Dorina Szekeres

Personal information
- Nationality: Hungary
- Born: 30 July 1992 (age 34) Zalaegerszeg, Hungary

Sport
- Sport: Swimming
- Strokes: Backstroke
- Club: EuropTec Zalavíz (HUN)
- College team: Indiana Hoosiers (USA)
- Coach: Ray Looze (USA) Csaba Horvath (HUN)

= Dorina Szekeres =

Hungarian swimmer

Dorina Szekeres (born July 30, 1992 in Zalaegerszeg) is a former Hungarian swimmer, who specialized in the backstroke and IM events. She graduated from Indiana University with a bachelor's degree in sports marketing and management. Dorina is a founding member of the International Swimming League and held the role of general manager for Team Iron until August 2023.

== Swimming career ==
Szekeres is a three-time Hungarian national champion in the 200m backstroke event.

=== College career ===
Szekeres was member of the varsity swimming team for the Indiana Hoosiers and represented her school at three NCAA Championships. She was named team captain of the women's team at the end of her second year. In her sophomore year she became a Big Ten champion and an All-American in the 400m individual medley. Szekeres is also a Scholar All-American, an award presented to university athletes who have achieved both academic and athletic excellence.

=== International career ===
In 2007 Szekeres qualified for her first major international competition, the European Short Course championships. She finished 15th in the 200m backstroke.

In 2008 she placed 10th at the European Junior Championships in Belgrade.

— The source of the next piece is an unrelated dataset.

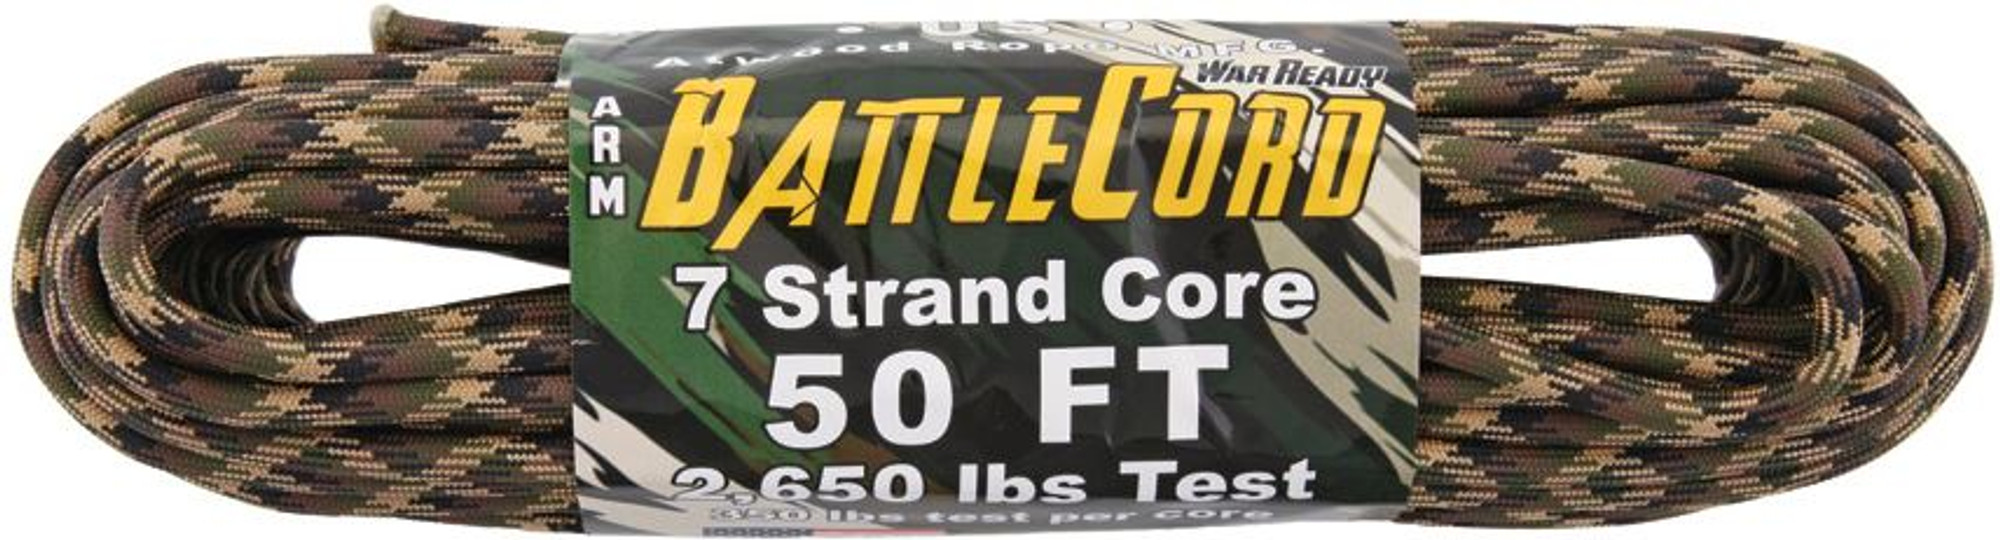 ARM BattleCord 2650 lb, 50 Ft. - Ground War

She qualified for the 2010 European Championships where she placed 15th.

She competed at the 2012 European Championship finishing 17th in the 200 backstroke.

She qualified for the women's 200 m backstroke at the 2012 Summer Olympics in London, by clearing a FINA B-standard entry time of 2:14.28 from the Hungarian Long Course Nationals in Debrecen. Szekeres failed to advance into the semifinals, as she placed thirty-fifth overall in the preliminaries.

In 2013 she cleared the FINA A-standard in the 400m individual medley.